И дни он стал проводить по-другому: суп, ночной горшок, суп, горшок. День, ночь, дождь за окном и, что хуже всего, солнце, которое освещало скомканные грязные простыни, потеки на обоях, погнутую латунную ручку на двери, много лет не чищенную. Бруно понимал, что рассудок у него уже ослаб. Возможно, это от обезболивающего, которое прописал доктор. Это были новые таблетки, другого цвета. Он ощущал у себя в голове огромный черный ящик, занимавший почти все пространство, а для мозгов оставалась лишь узенькая щелка. Имена людей, названия предметов ускользали от него, парили где-то рядом, то справа, то слева, наподобие птиц, которые улетали, стоило ему повернуть голову. Он и на самом деле поворачивал ее, с усилием, недоуменно ища ясного смысла всего, что его окружало. Он знал, что смысл этот существует, потому что различал его отсвет, но только отсвет.

Люди приходили и уходили. Денби и Гвен часто сидели с ним, разговаривали друг с другом, иногда обращаясь к нему. Бруно это нравилось. Его навестил какой-то темноволосый молодой человек, только это было давно, Бруно хотел что-то спросить о нем, но не мог вспомнить его имени. Бруно слышал собственный голос: «Молодой человек, молодой человек…» Но кажется, никто не понял, что он хотел сказать. Приходил Майлз. Бруно знал Майлза, знал его имя и произносил его. Но не разговаривал с ним. Это было как в кино. Майлз двигался, что-то говорил, делал, а Бруно смотрел. Всякий раз, когда Майлз склонялся над ним и рассказывал о чем-то с необычным для него жаром, Бруно кивал и пытался улыбнуться. Улыбаться было трудно из-за болезненной эктоплазмы, но, сделав огромное усилие, он улыбался, хотя не был уверен, получается ли это у него. Еще одна светловолосая женщина с очень приятным лучистым лицом много времени проводила у его постели. Бруно не знал, кто она.

Время шло, и Бруно наблюдал за его ходом, его лицо морщилось в проницательной усмешке. Раньше он не замечал времени. К нему приходили, что-то приносили ему — суп, горшок, «Ивнинг стандард», оба тома «Пауков-охотников». Он рассматривал фотографии в газете и в книгах, но даже в очках не различал расплывающиеся буквы. Ночью, проснувшись, он стонал, подгоняя стоном время, капля за каплей роняя стоны в кулечек времени, который потом исчезал. Иногда он стонал оттого, что ему казалось, будто настал его последний час. Иногда приходили Денби и Гвен, разговаривали с ним, поправляли постель, взбивали подушки. Когда они уходили, Бруно снова принимался стонать.

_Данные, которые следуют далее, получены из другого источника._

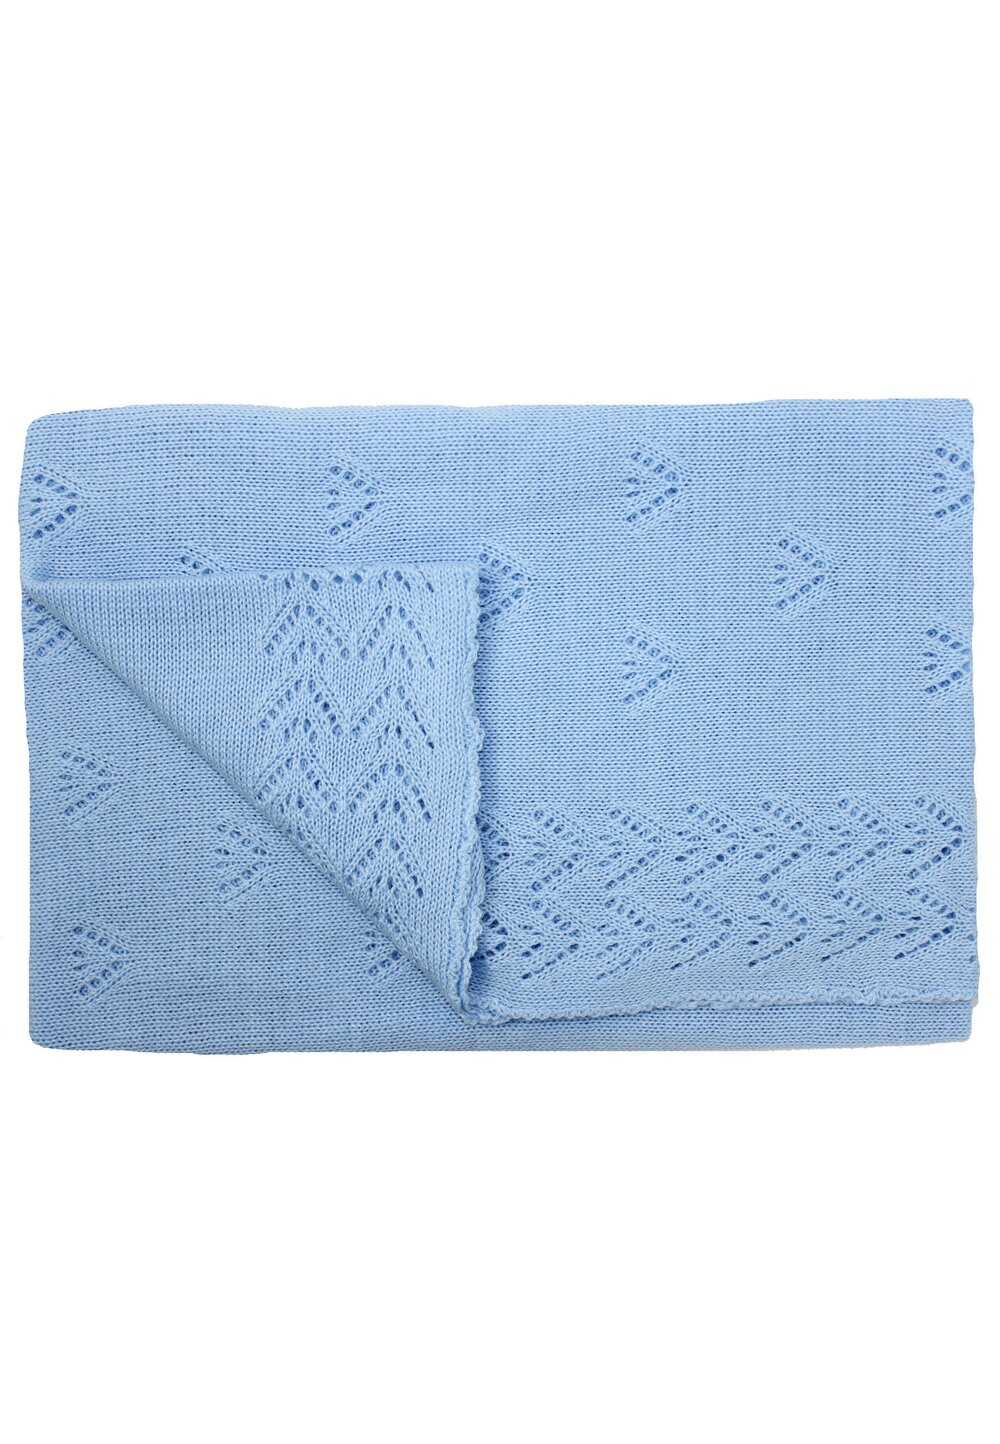 Paturica tricotata, Ana, albastra, 90x90cm imagine
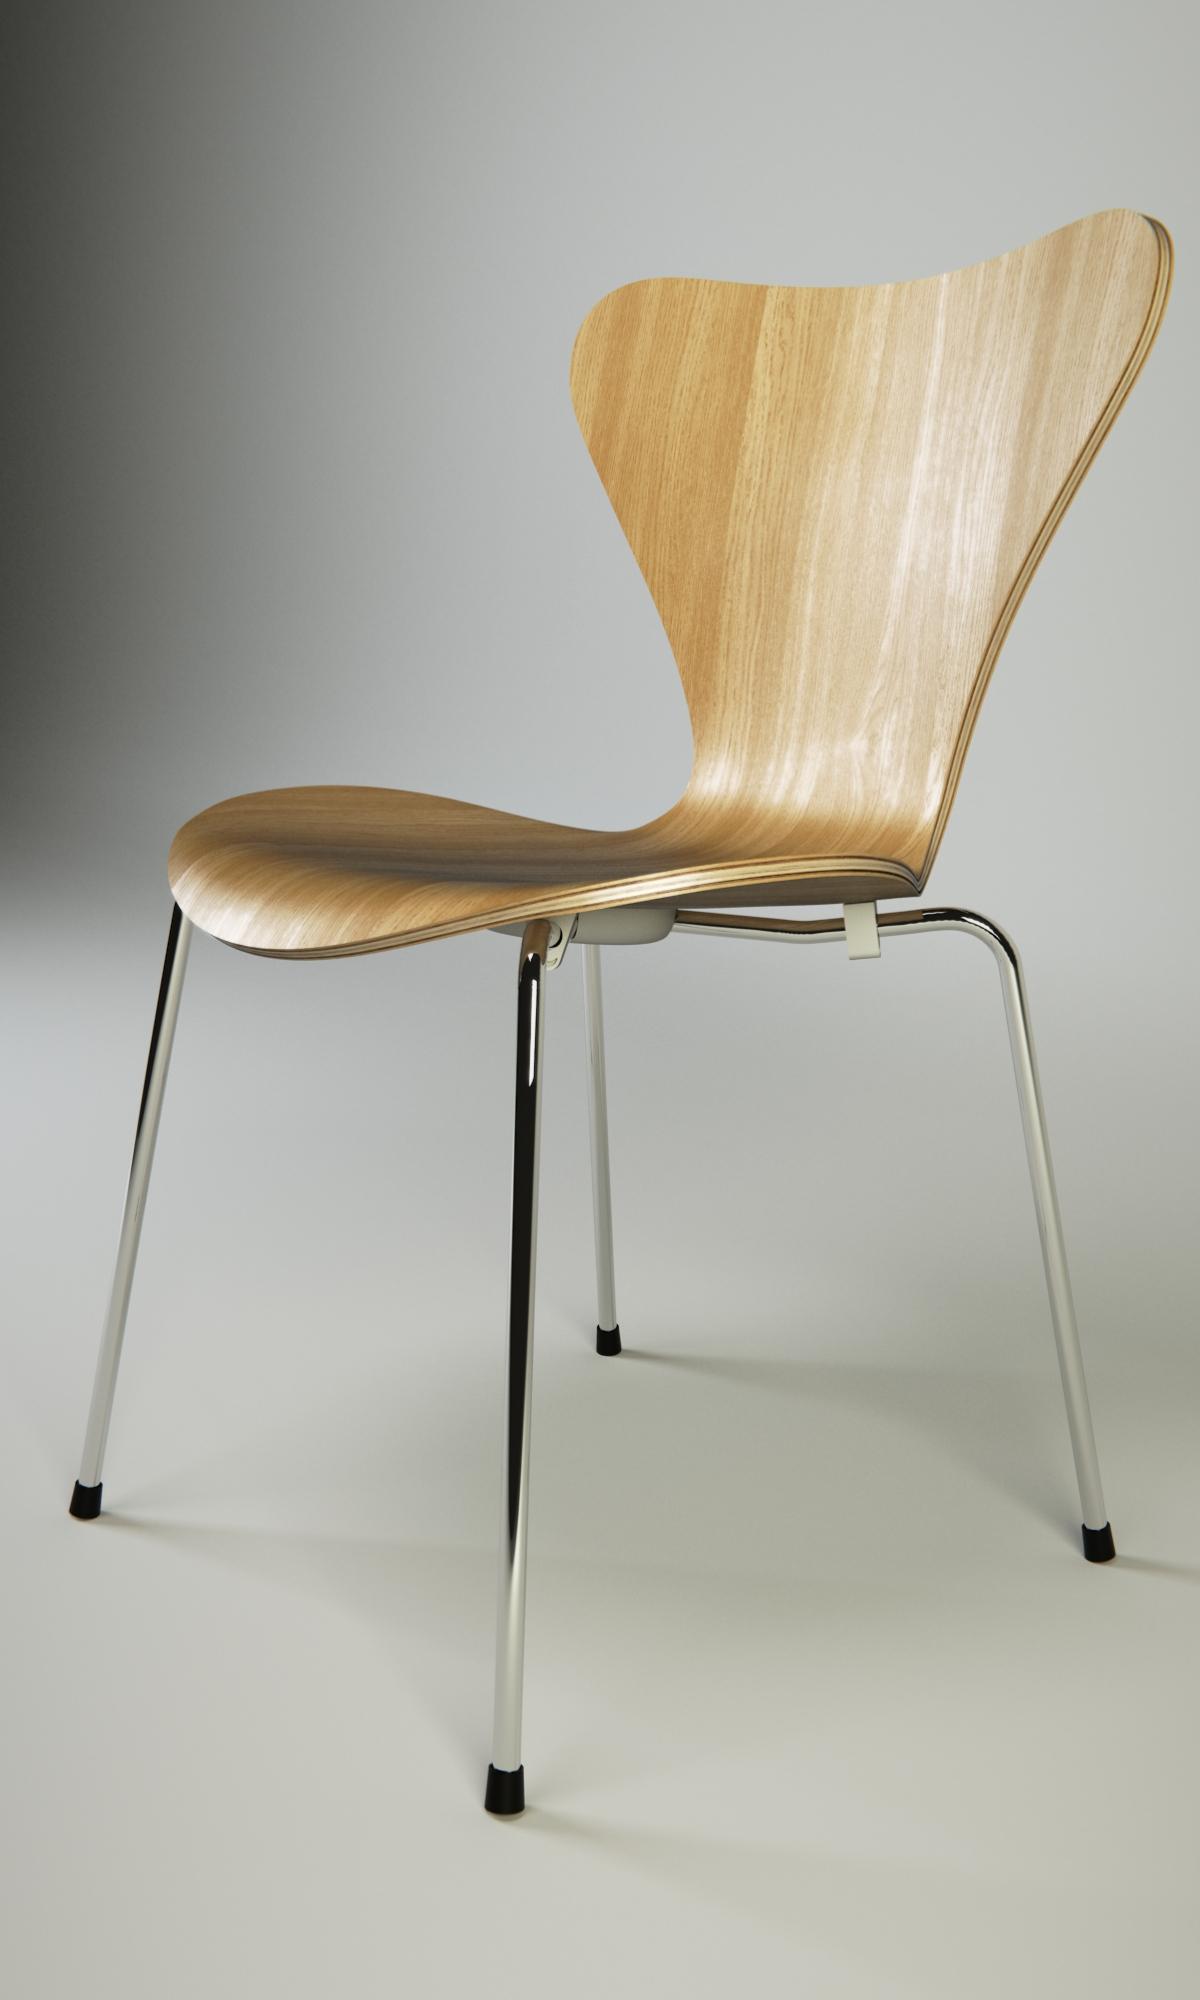 Series 7 Chair by AlejandroSotoB on DeviantArt

Таково было его настоящее. И отдельно, где-то в другом измерении, но совсем рядом, простиралось прошлое — отчетливое, яркое. Он видел живые картинки. Не то чтобы это были воспоминания. Однажды он увидел могилу Самбо в парке у дома в Туикенеме. К ней медленно приближался Майлз. Они нашли небольшой плоский камень и установили его на могиле собаки. Хотели выгравировать на камне кличку, но так и не собрались. Часто он видел мать, расчесывающую длинные волосы при свете лампы; иногда скрытая за ажурным плетением золотых листьев, освещенных солнцем, она звала его: «Топтыжка, где ты, дорогой?» Однажды он увидел Морин в короткой юбочке, спящую в гнезде из перьев. Это были не воспоминания. Я вам станцую за десять пенсов, ах, знали бы вы, чего это стоит. Он видел Гвен в гимнастическом костюме, с косичками, с латинским букварем Кеннеди в руках. Обычно он помогал Гвен готовить уроки. Он видел по-детски крупные буквы на листке бумаги и рядом — свой аккуратный мелкий почерк. Amo, amas, amat. Латынь — начало начал. Но где же конец всему, думал Бруно, где?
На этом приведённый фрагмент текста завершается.